Sen Quasimodo... Yüreği ve görüntüsü bu kadar tezat olan bir karaktere rastlamamıştım. Ta ki
Notre Dame'ın Kamburu 'nu okuyana kadar...
Eserde, dışı bakılamayacak kadar çirkin, yüreği inanılamayacak güzel olan Quasimodo ve onun tam tersi olan Phoebus karakteri aracılığıyla, sadece dış görünüşe önem vermenin ne kadar yanlış bir tutum olduğunun mesajı çok başarılı bir şekilde verilmiş.
Hani bir söz vardır, "İçinin güzelliği dışına yansımış" diye,
Victor Hugo işte o sözü almış Notre Dame'ın kulesinden aşağı fırlatmış.

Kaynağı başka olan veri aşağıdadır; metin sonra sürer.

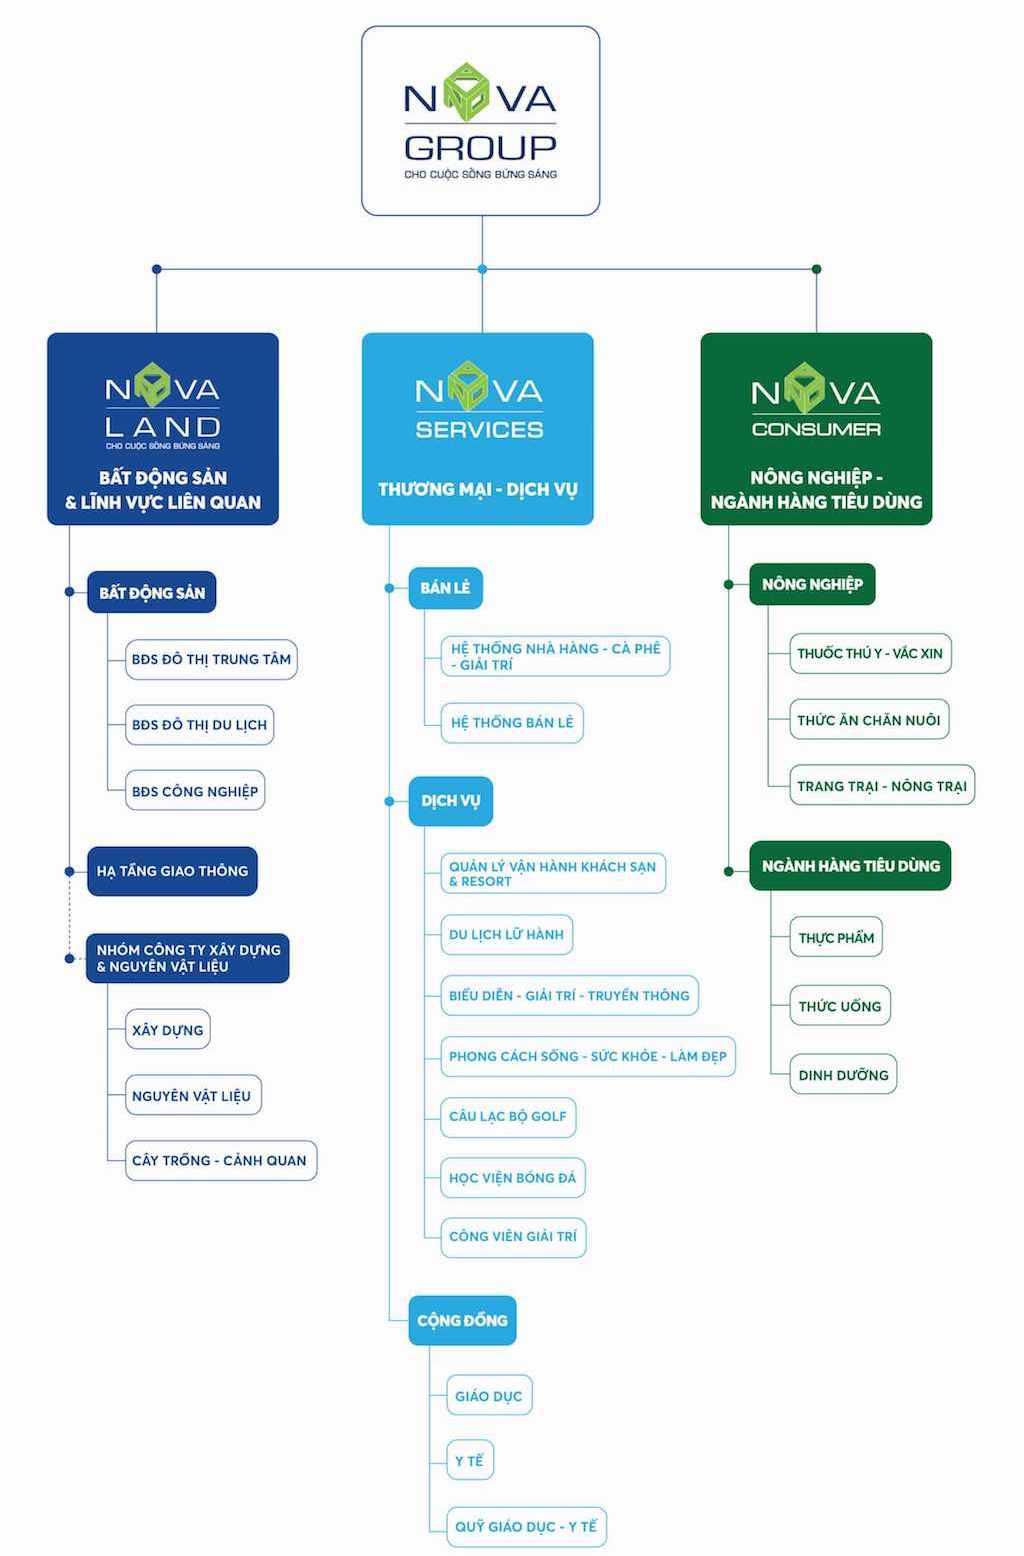 Tập đoàn NovaGroup tái cấu trúc NovaLand Group, Nova Consumer Group, Nova Service Group

Eserle ilgili söylemek istediğim çok şey var. Bir düzeltme yaparak anlatmaya başlayayım, eser değil şaheser bu kitap... En sevdiğim kitaplardan olan
Notre Dame'ın Kamburu kitabını okuma konusunda çekimserdim, sıkıcı ve ağır bir kitaptır diye düşünüyordum. O yüzden de okumak isteyenler varsa birlikte okursak birbirimize motivasyon olur diyerek okuma daveti yaptım. (Bana eşlik eden
Htcgzl 'e çok teşekkür ederim.)
İlk 130 sayfadaki kilise tasviri ve Paris mimarisi anlatımı ile zor bir başlangıç oldu, acaba arkadaşlara yazık mı ettim diye düşünmeden edemedim :) Ama fikrine ve zevkine güvendiğim
Büşra 'nın ilk sayfalarda tasvir çok ama sonrası güzel ilerliyor şeklinde motive etmesiyle ha gayret diyerek devam ettim. İyi ki devam etmişim. Kitabın ilerleyen sayfalarında kitaba başladığım için pişmanlığın aksine bu kitabı neden daha önce okumadım diye bir geç kalmışlık hissi hakim oldu. Bana göre
Notre Dame'ın Kamburu ölmeden önce okunması gereken eserlerden.
Bu kitabı okumadan ölseydim eğer, kendimi hiç yaşamamış sayardım.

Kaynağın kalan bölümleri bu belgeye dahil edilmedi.